In the computer field, plenty of clients and server system structures exist. One or more clients or even massive clients are connected to a server to interact with the server and obtain services so as to meet requirements of the clients.
Currently, with growth of services, one server may serve tens of thousands of, or even over a million clients simultaneously, and usually needs to handle connection requests from the clients continuously. When a server is abnormal, for example, restarted or broken down, the disconnected clients will request to reconnect to the server immediately so that the clients can get connected as soon as practicable.
However, the total connection capability of each server is fixed under certain conditions. Although the connection capability may be improved through optimization, the connection capability still has a reasonable upper limit, namely, maximum connection capability. Meanwhile, each server's capability of handling access per second is also fixed under certain conditions, and has a reasonable value, namely, connection processing rate. Obviously, the maximum connection capability is far greater than the connection processing rate. Once a server is restarted or breaks down, with plenty of clients requesting to reconnect immediately, the server may reach or exceed its maximum connection capability, and the connection processing rate of the server is unable to handle so many connections simultaneously, which gives rise to surge requests.

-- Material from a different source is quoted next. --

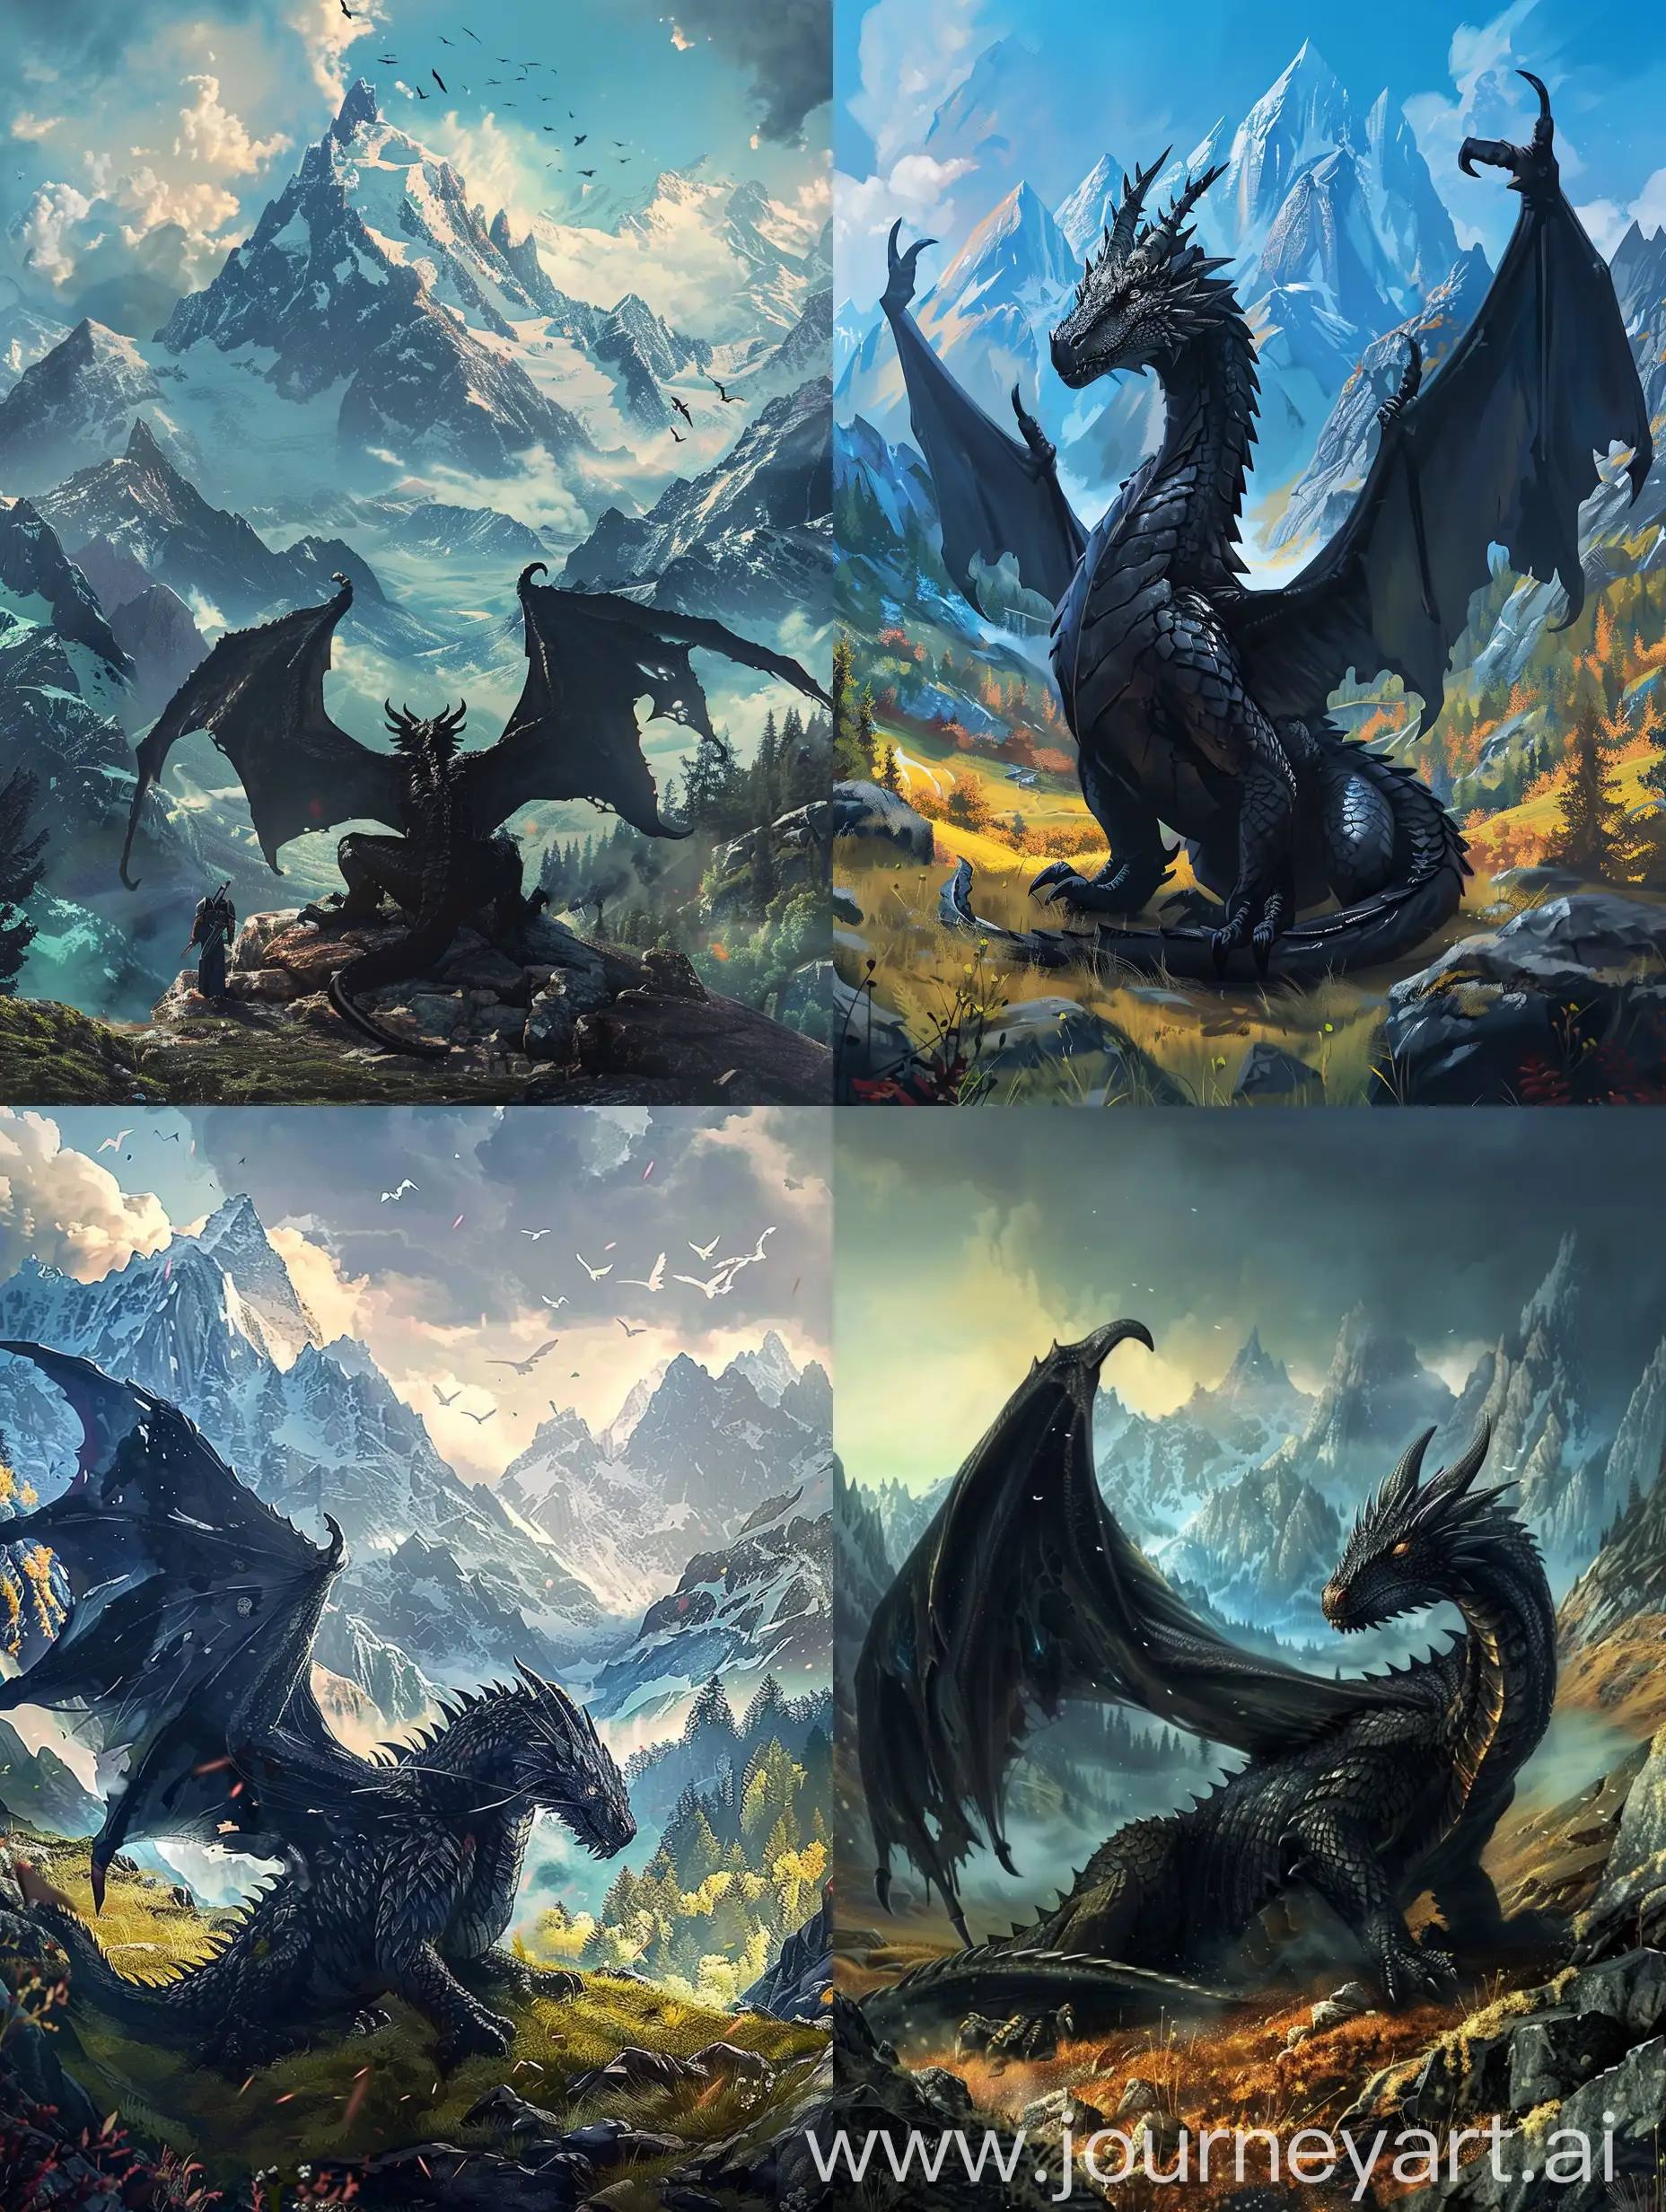 Плакат к игре в жанре фэнтези с черным драконом и горами на фоне

A surge means that many clients request services from a server concurrently, with the rate of the concurrent requests being greater than the processing capability of the server. When the number of connection requests of the clients in a unit time exceeds the processing capability of the server, the part of connection requests beyond the processing capability will not be satisfied normally.
To cope with such circumstances, a corresponding reconnection mechanism exists on the client. Once a client fails in connecting, the client sends new connection requests to the server again. Consequently, the connection requests increase exponentially, which reduces the quality of service or even interrupts the service and brings disastrous consequences.